Asked about RCSI’s role in identifying and managing a surgeon performing below expectations, Mr Mealy admitted this is “a real challenge here and internationally”.

“And one of the issues is, how do we know a surgeon is performing poorly? And that is generally dealt with within hospitals, the HSE, our employers, and it sometimes comes to us to take part in some form of inquiry and I have got to put my hands up and say, it is always challenging because we don’t have a process that works well and certainly, what I would like to see is a process that we see with our sister colleges [in the UK], for instance.”

The Royal College of Surgeons, London, has an invited review process where it can be invited in by a Trust, for example, to carry out an assessment if there is a problem with an individual surgeon or a process.

“We don’t have a process like that; in general, we are not invited in by Hospital Groups; sometimes we are, but seldom. So the only way we get involved would be in terms of professional development issues, in terms of individuals coming to us of their own volition, saying ‘I am in trouble’ or ‘I need to be upskilled’…

“Sometimes Hospital Groups come to us and say, ‘will you help in the upskilling of somebody who has had an issue?’ but that is at the discretion of the Hospital Groups. In many cases in Ireland, it is adversarial and ends up in the courts, which is problematic.

“So I would like to see a more structured, defined process. The invited reviewer process that the English college runs, I think is worthy of note, and I am aware that one or two hospitals here have started to use that process…”

Women in surgery

Meanwhile, an area of focus for the RCSI in recent years has been gender diversity in surgery. In 2017, the College published a comprehensive report on the issue, which was developed by its gender diversity short life working group.

Mr Mealy believes progress is being made.

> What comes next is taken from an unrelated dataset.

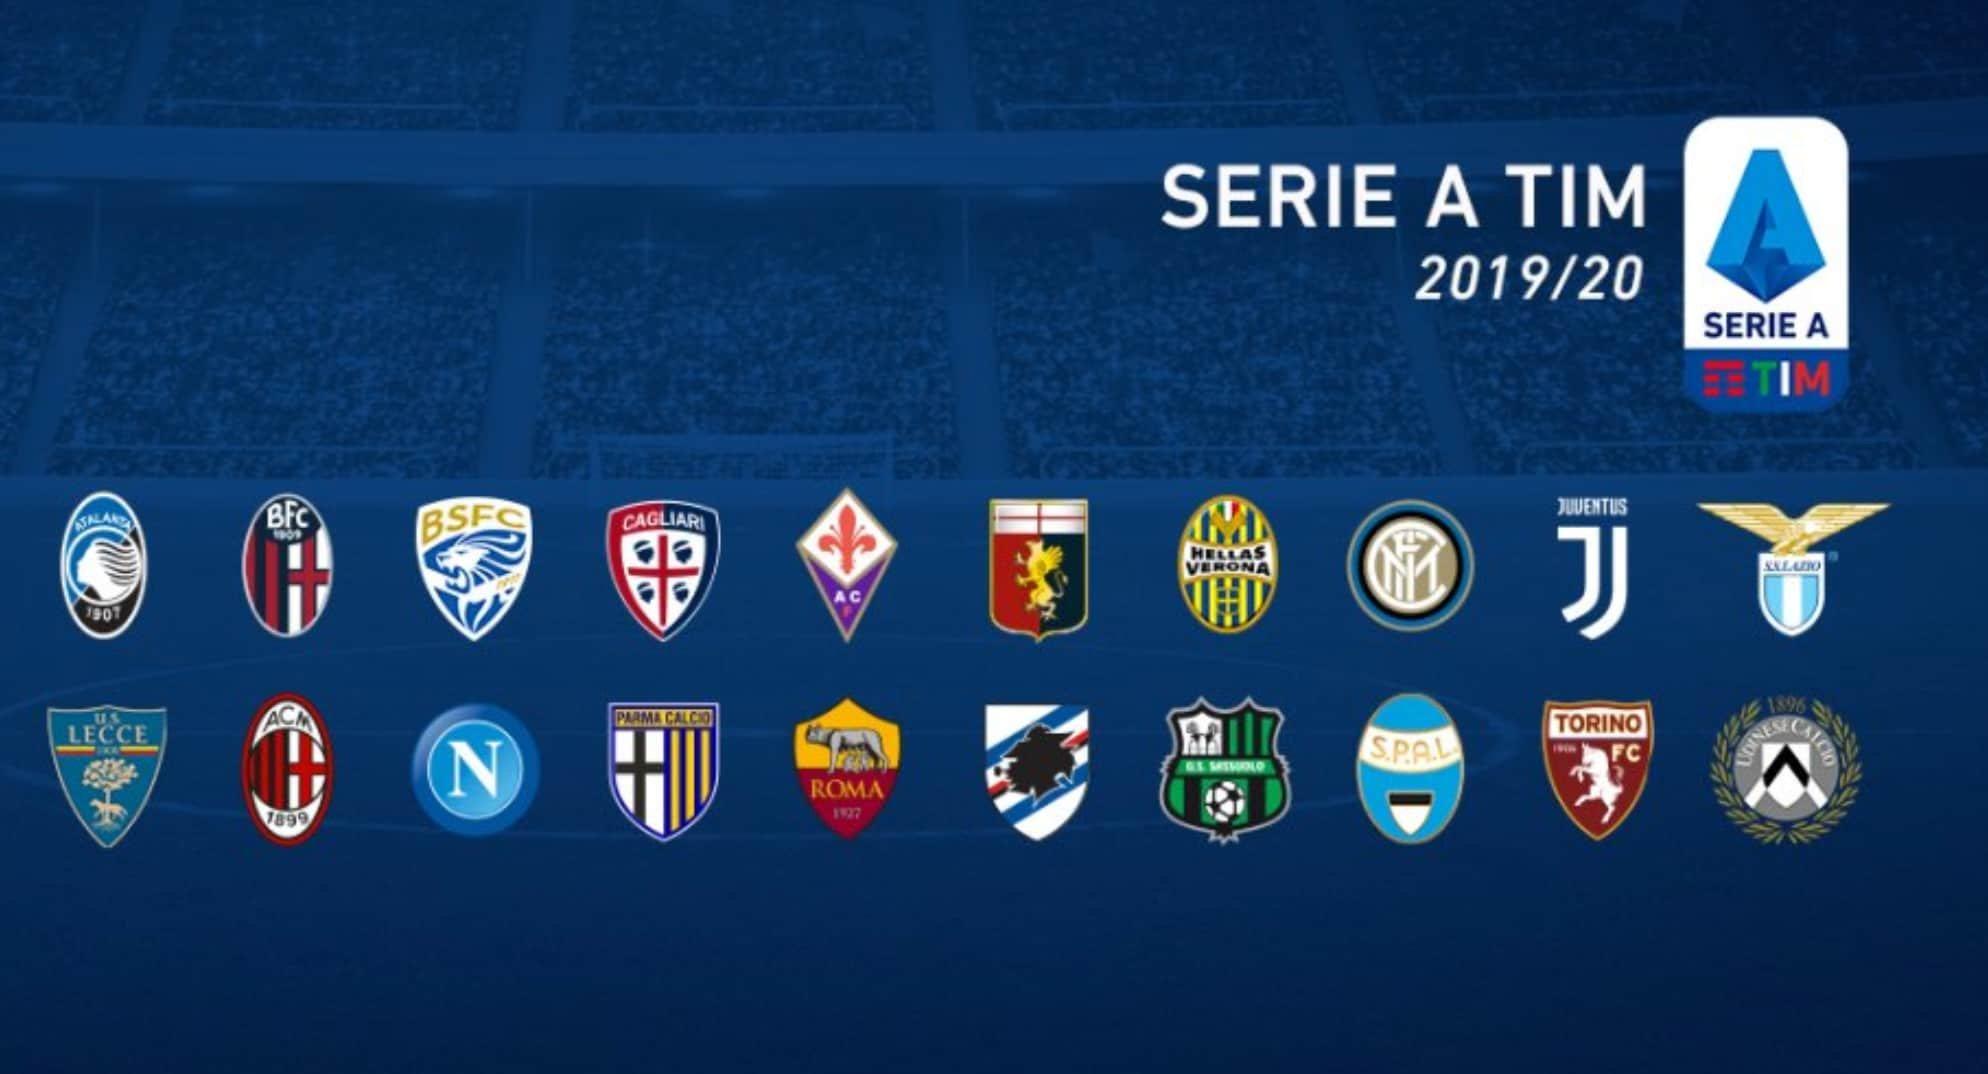 Us Lecce Calendario.Calendario Serie A Alla Prima Giornata Inter Lecce

“We are conscious that only about 11 per cent of our consultant surgeons are female, it was 8 or 9 per cent a couple of years ago. Five out of 21 of our council members are female, 46 per cent of our trainees are female.

“Following a negotiation with National Doctors Training and Planning and the HSE, we have managed to get more structure on less-than-full-time training, supports for people coming back from family leave.

“I think we have made huge progress because now it is not uncommon to see our female trainees, for instance, becoming pregnant, having children, taking time out and coming back into the training programme.

“Also, we are very proud that we’ve got support from J&J for a major scholarship in terms of fellowship support for female trainees, to try and help them structure their career.”

He concluded that there is a “palpable feeling in the College that we are here to support young professional women”.